Was sollte aber damit geschehen? Vorsitzende Renate Zanders: „Das Ganze schien ein hoffnungsloser Fall." Aber da erwies sich Dr. Brigitte Lymant als Glücksfall für den ADV. Sie hatte über die Glasmalereien in Altenberg promoviert und konnte gewonnen werden, die Fragmente einander zuzuordnen. „Das war sin ungeheuer spannendes, aber auch aufreibendes Puzzle", gestand sie jetzt. Die originalen Fragmente wurden in der Glasmalerei-Werkstätte Oidtmann in Linnich zusammengesetzt und mit Antikglas und Bleistegen zu insgesamt 13 Glasbildern zusammengefügt. Zum erstenmal wurden sie den Mitgliedern des ADV jetzt bei der Versammlung präsentiert.
Brigitte Lymant gab über ihre wissenschaftliche Arbeit einen fesselnden Bericht, wie sie buchstäblich auch mit den Fingerspitzen die unterschiedliche Stärke der Scheiben erfühlte und so ihre zeitliche Einordnung zwischen 1260 und 1380 vornehmen konnte. Darüber hinaus ist bemerkenswert, daß der Farbstrich der Malereien im Laufe der Jahrzehnte dünner wurde und daß durch Abweichungen der Glasmaler vom genormten Muster der Frühzeit im späten14. Jahrhundert „eine lebendige Vegetabilität" feststellbar ist. Da Zisterziensern auf bunte Fenster, auf figürlichen Schmuck zu verzichten hatten, ersannen sie die für sie typische Grisaille-Malerei aus farblosem Glas mit vielfältigen Blatt-und Pflanzenornamenten. „Das ist die eigene schöpferische Leistung aus der Mitte des Zisterzienserordens", sagte die Forscherin.

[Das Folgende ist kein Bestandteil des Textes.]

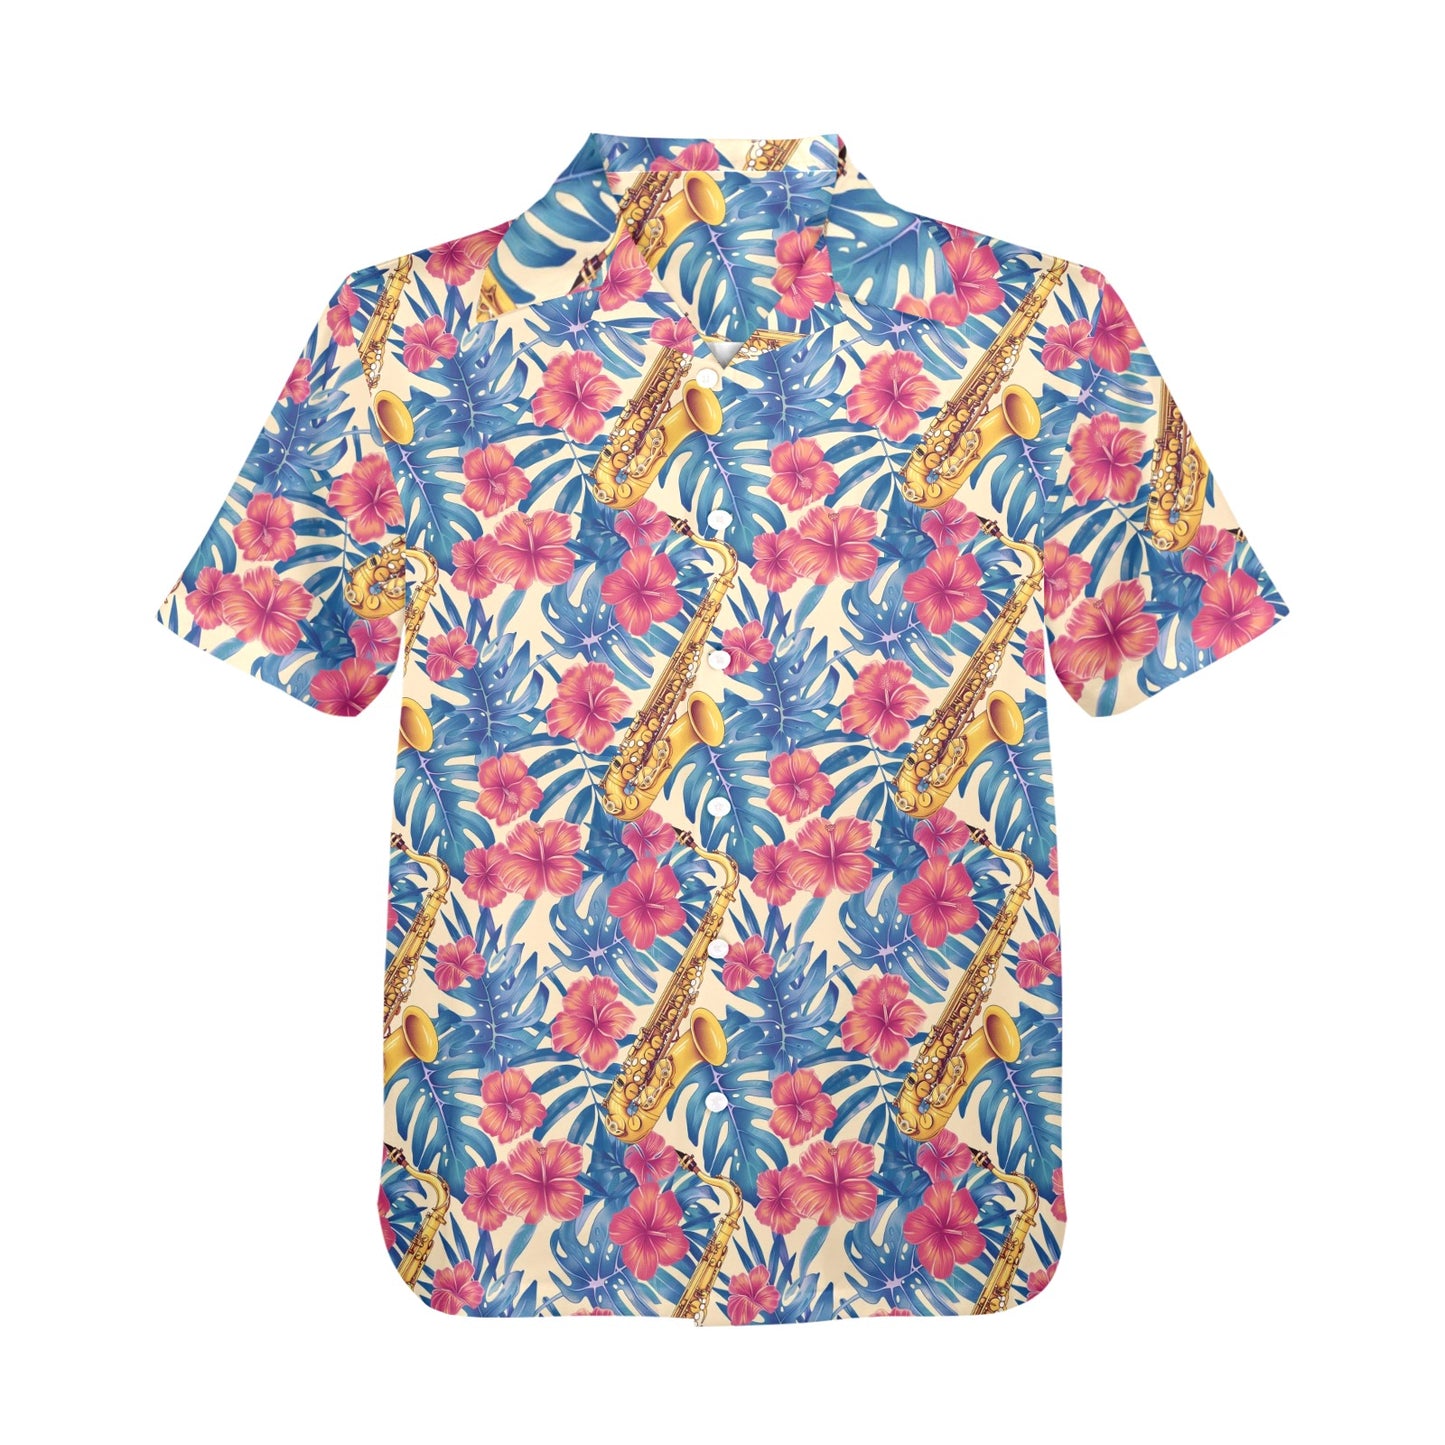 Saxophone Men Hawaiian shirt, Music Jazz Floral Flowers Beach Red Blue Vintage Aloha Hawaii Retro Tropical Plus Size Pocket Guys Button Down

Daß Altenberg in seiner stilreinen Zisterziensergotik vor allem auch mit seinen alten Fenstern ein kunsthistorisches Juwel ist, dies machte insbesondere Archivdirektor Dr. Edgar Krausen (München) im ADV deutlich. Anhand zahlreicher Dias von vergangenen und noch bestehenden Zisterzienserabteien in Bayern wurde ersichtlich, daß sie baulich und stilistisch im Laufe der Jahrhunderte starken Veränderungen unterworfen waren über den Barock, das Rokoko bis hin zum Klassizismus. Ebrach, Schönefeld, Fürstenfeld, Raitenhaslach und Seligental wurden u.a. gezeigt. Sie sind zum Teil noch als Kloster genutzt, zum Teil dienen sie seit ihrer Auflösung staatlichen Zwecken wie Strafanstalten, Polizeischulen oder privaten Zwecken als Brauerei.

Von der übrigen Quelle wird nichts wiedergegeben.